Cultural traditions that give the impression of State-endorsement of religion, such as the prayer before the start of each Dáil session, should be ditched according to Ronan McCrea, a law lecturer at University College London. Writing in The Irish Times he says that while such traditions might be mere cultural symbols, migrants from abroad might not understand that and mistake them for actual State endorsement of a particular religion.

“The problem with the European arrangements [favouring certain religious symbols] is that they rely to a large degree on insider knowledge that allows people to distinguish between the situation on paper and the actual situation. . . If one comes from a society where politics and religion are deeply intertwined, prayers in parliament may appear to be much more than a cultural symbol.”

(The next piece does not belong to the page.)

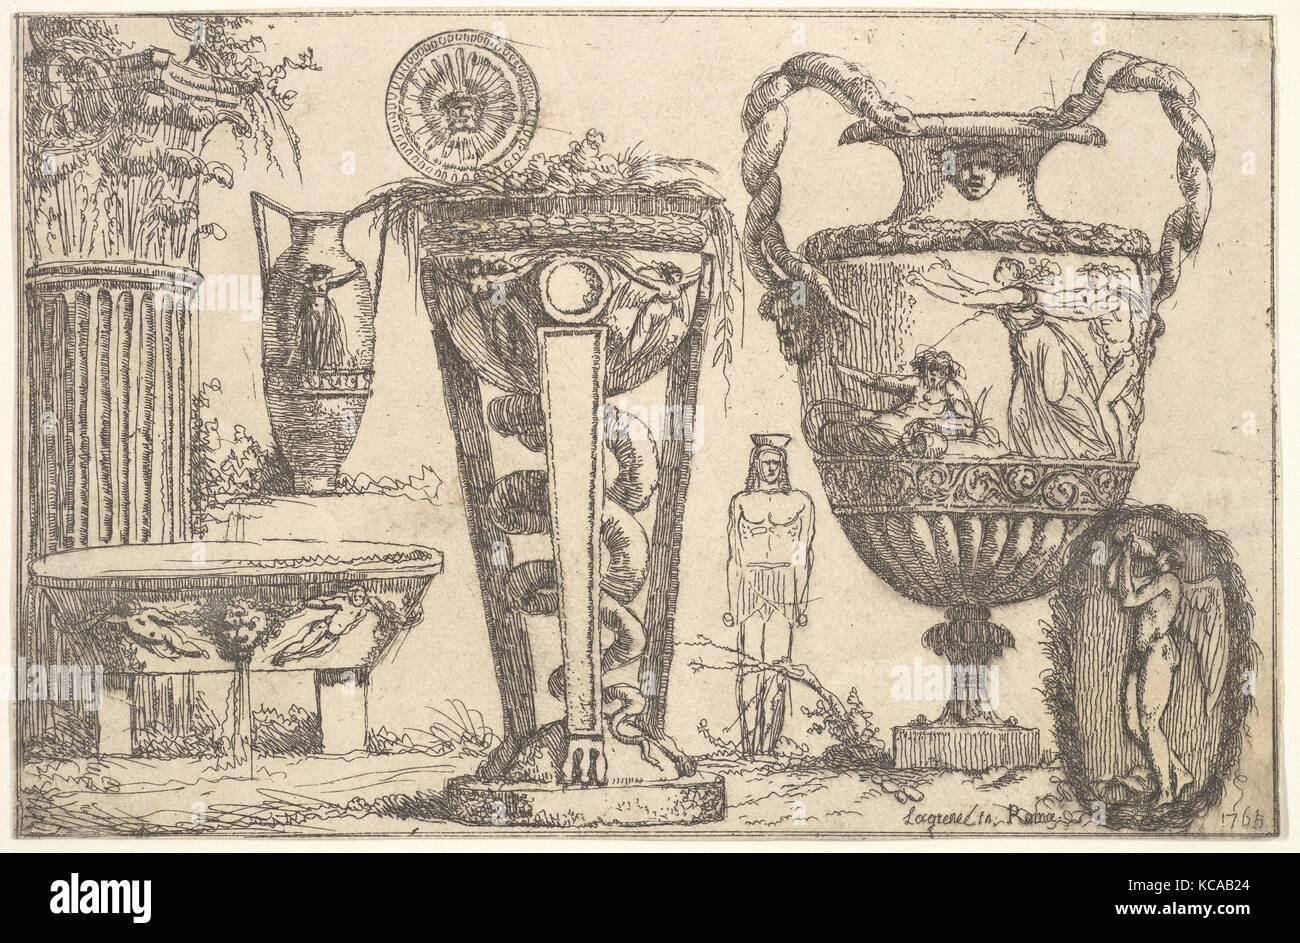 Fragments of Antiquity, Jean Jacques Lagrenée, 1765 - Stock Image

He added: “This divide between symbolic religiosity and substantive secular politics leaves European societies open to allegations of hypocrisy when they ask migrants from areas of the world with more muscular religion to accept that religion and politics are separate and that religiously controversial ideas such as free speech on religion and gay rights must be accepted.”

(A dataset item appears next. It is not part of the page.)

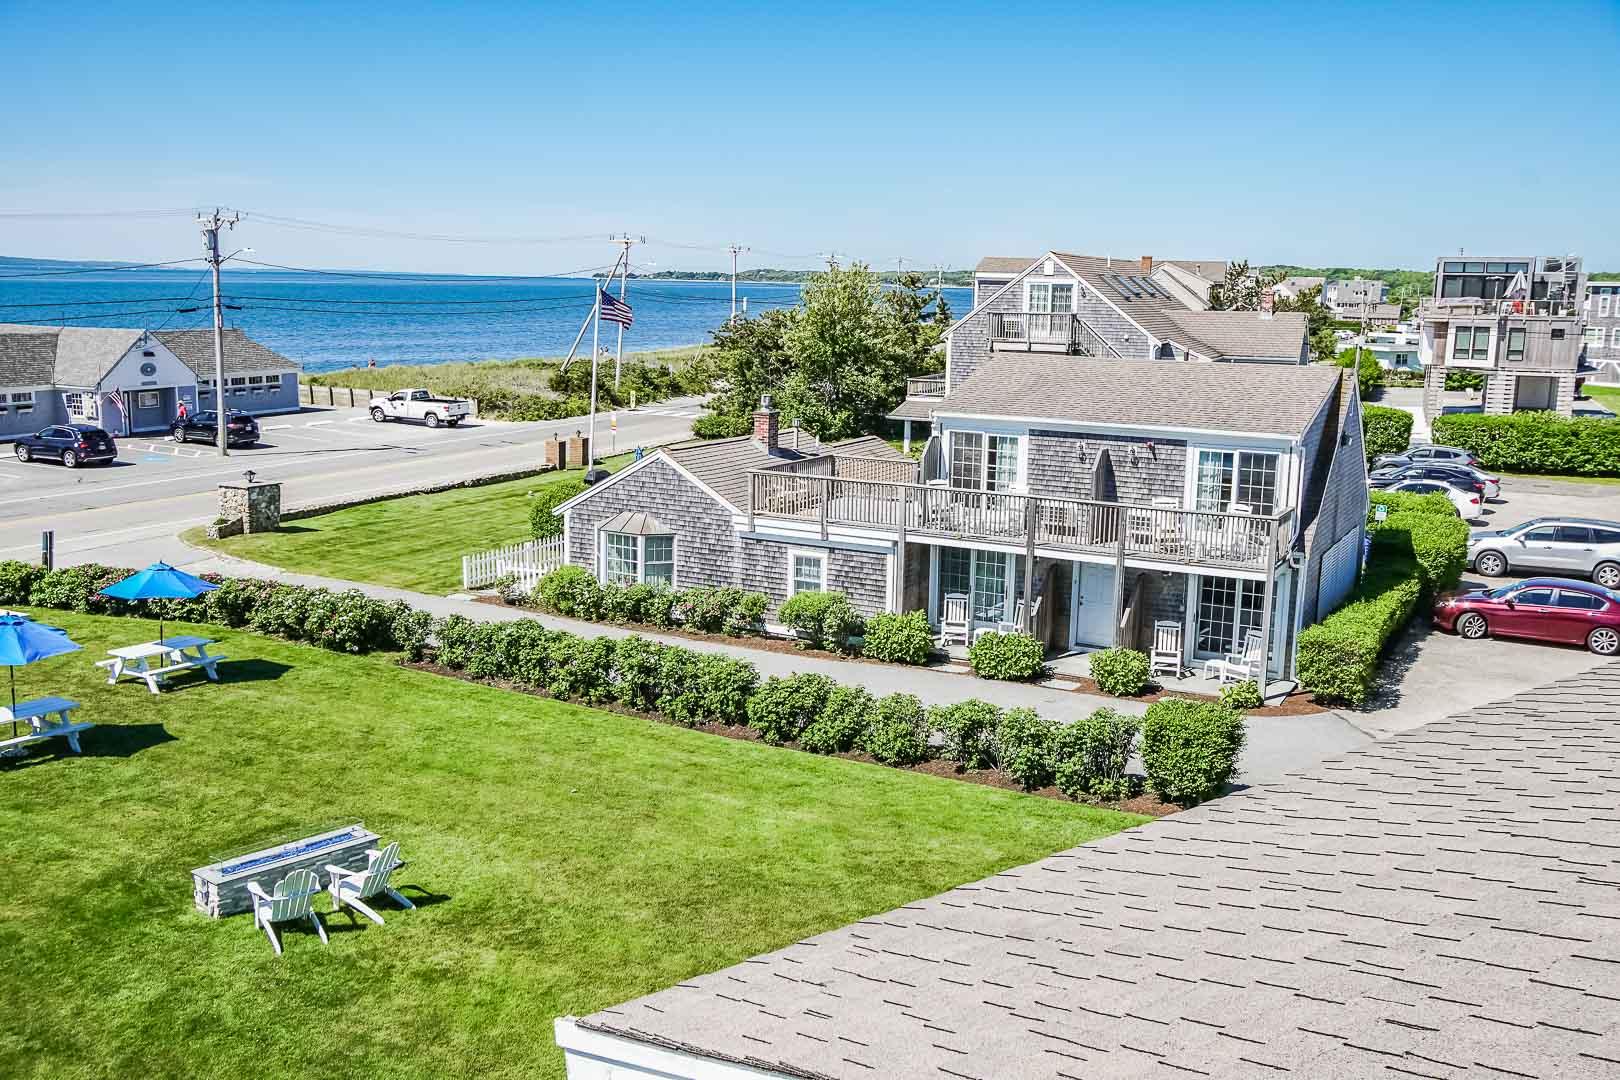 A calming view from VRI's Beachside Village Resort in Massachusetts.

Specifically, he believes the prayer at the start of each Dáil session to be particularly problematic: “It is hard to see a prayer that involves a wish that “Christ Our Lord” will guide parliamentarians’ work as a mere cultural symbol.” He concludes: “If we wish migrants to this country to feel at home and to accept a division between religion and politics that may be challenging for them, it is important that the majority appear to honour those commitments too.”